→ **TASK DESCRIPTION**
Find all lines with the word "Buddha" in the material, then copy them.

→ **RECORDS FOR THE EXERCISE**
──────────

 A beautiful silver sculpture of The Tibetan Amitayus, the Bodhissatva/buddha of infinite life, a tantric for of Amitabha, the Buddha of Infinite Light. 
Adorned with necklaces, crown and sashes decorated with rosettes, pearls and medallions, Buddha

──────────

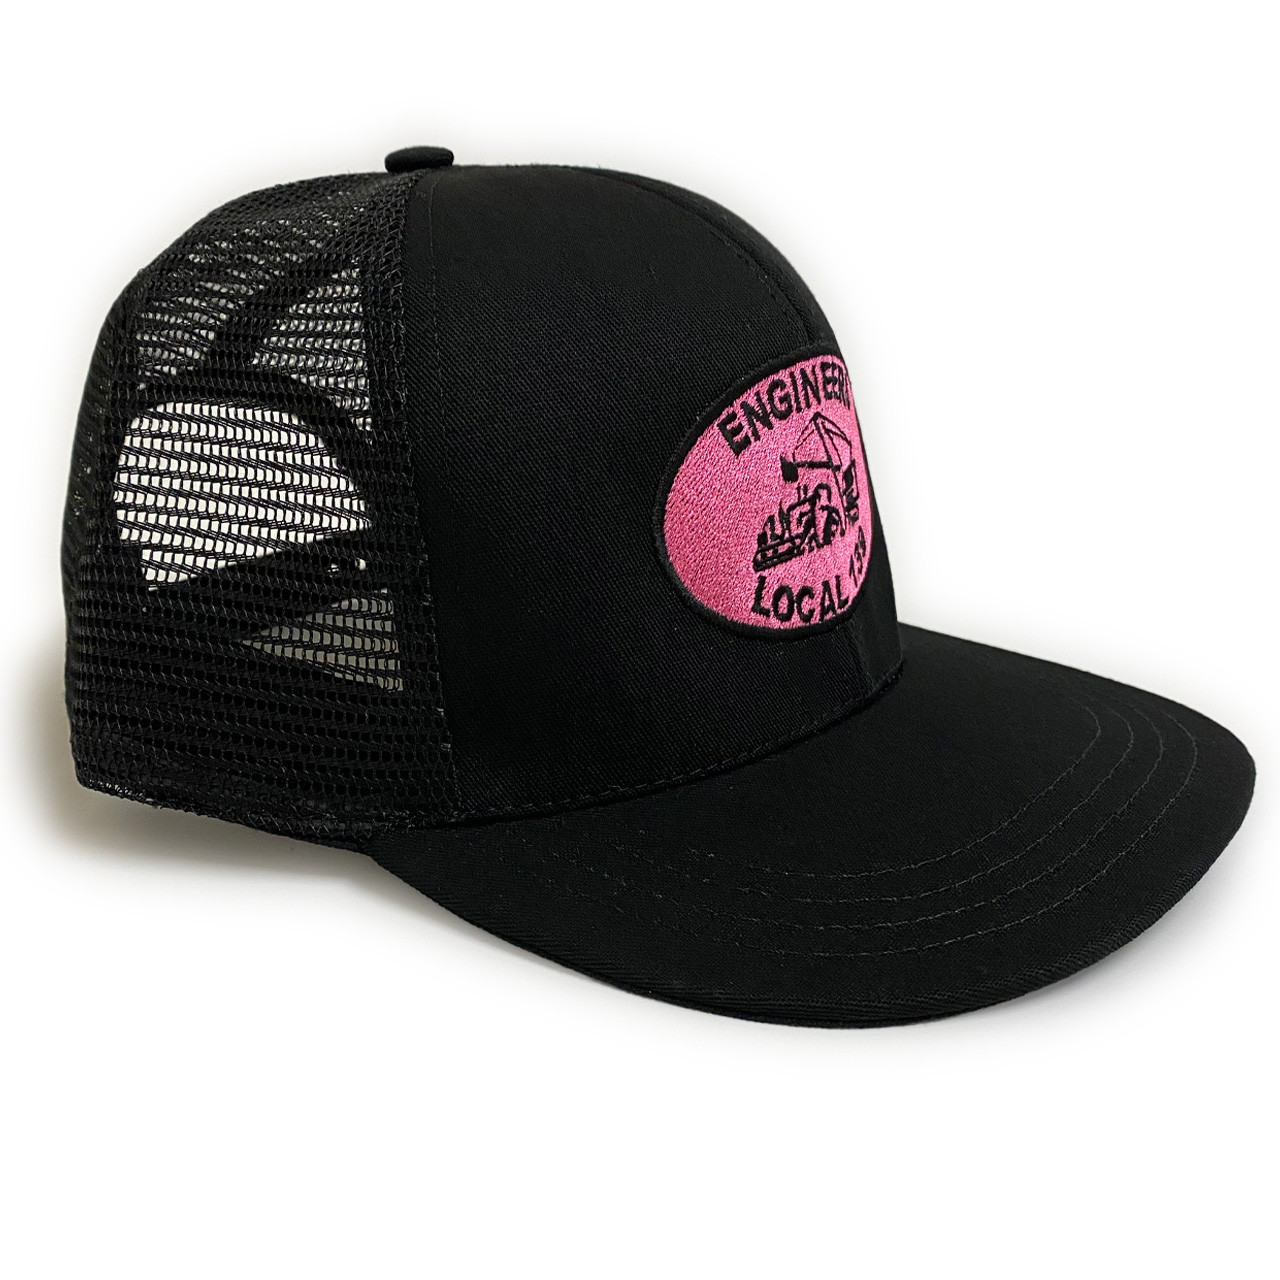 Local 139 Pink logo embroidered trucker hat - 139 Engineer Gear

──────────

→ **RESULT OF THE TASK**
 A beautiful silver sculpture of The Tibetan Amitayus, the Bodhissatva/buddha of infinite life, a tantric for of Amitabha, the Buddha of Infinite Light. 
Adorned with necklaces, crown and sashes decorated with rosettes, pearls and medallions, Buddha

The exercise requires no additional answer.